The purpose of the school based research at St Edward’s, is fourfold:

● Address the gaps in the current knowledge by allowing teachers to investigate voids in their (own) teaching practice ● Expand the knowledge of teachers ● Test the knowledge already known about teaching and apply it to new circumstances or with different participants ● Add our voices not yet heard to the educational research knowledge.

Furthermore, a consequence of teachers undertaking action research (inside their classroom) is that it becomes more meaningful (and personal) to the classroom practitioner, promotes the voice of the teacher and highlights their professional role. Teacher researchers thereby become the creators of knowledge.

Such practice is a means to inform their decision-making across the many dimensions of school life. While school improvement remains the major basis for focusing on our school based action research, other areas are becoming more prominent. These include workplace health and safety, physical learning environments and even issues around professional development.

When discussing teachers as researchers, the focus is not on an experimental approach to teaching, but rather a practical means to improve teaching and learning.

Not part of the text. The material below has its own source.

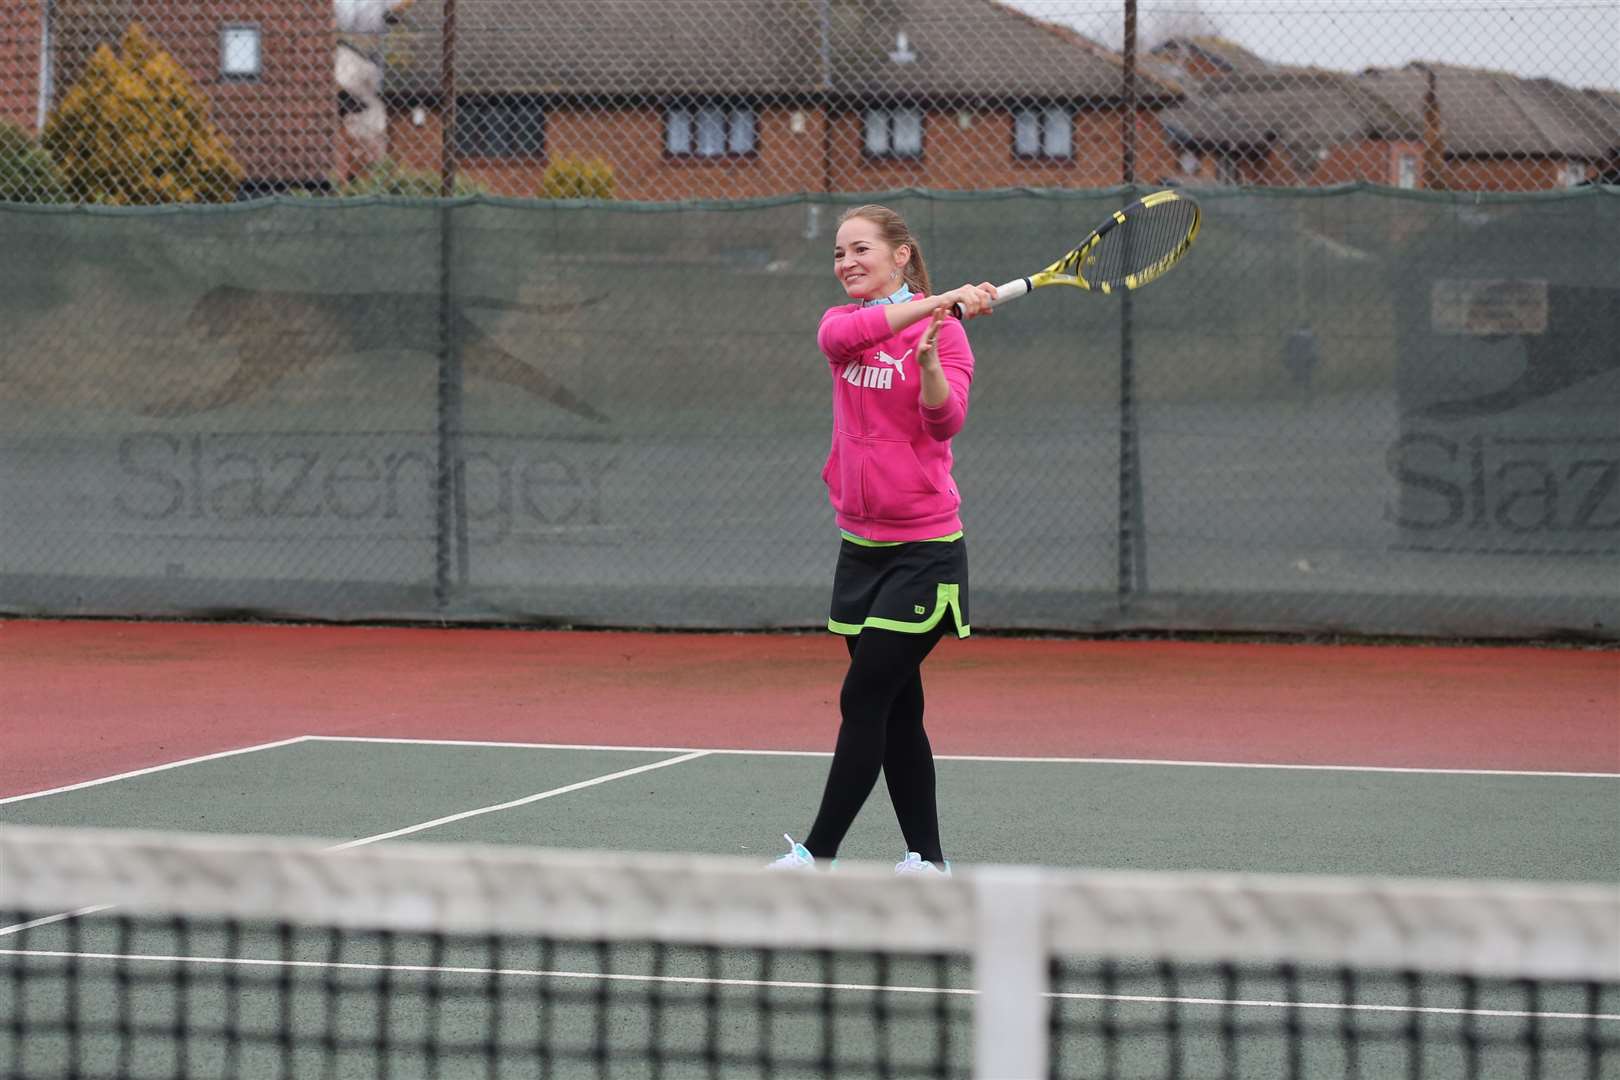 Club member Tatjana Strokatova plays singles tennis

As no two classrooms are alike, the need for the teacher to be able to tailor the curriculum to the needs of each student becomes more apparent. The teacher must be able to rely on his/her knowledge through careful systematic observation guided by an understanding of various hypotheses to each context faced.

So What Does This All Mean?

For teachers, a changing world has generated a complex series of agendas at an exceedingly fast pace. The SET TAR has created a framework for teachers to ‘pause and take stock of what they are doing’: to analyse what they do and provides a platform for them to seek advice and to gain the required professional development support needed. At it’s heart, the process of teaching is being reformed/refocused.

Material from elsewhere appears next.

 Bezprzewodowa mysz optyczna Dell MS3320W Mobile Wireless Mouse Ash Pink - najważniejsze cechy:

The SET TAR demonstrates that its inherent processes can be used to enact change in a teacher’s teaching practices. This can only be good for the students in their care.

Bibliography

Hattie, J. (2012). Visible learning for teachers: Maximizing impact on learning. Routledge.

Timperley, H., Kaser, L., and Halbert, J. (2014, April). A framework for transforming learning in schools: Innovation and the spiral of inquiry. Centre for Strategic Education, Seminar Series Paper No. 234.

Wright, S.; Horn, S. & Sanders, W. (1997). 'Teacher and Classroom Context Effects on Student Achievement: Implications for Teacher Evaluation', Journal of Personnel Evaluation in Education, 11, pp. 57-67.)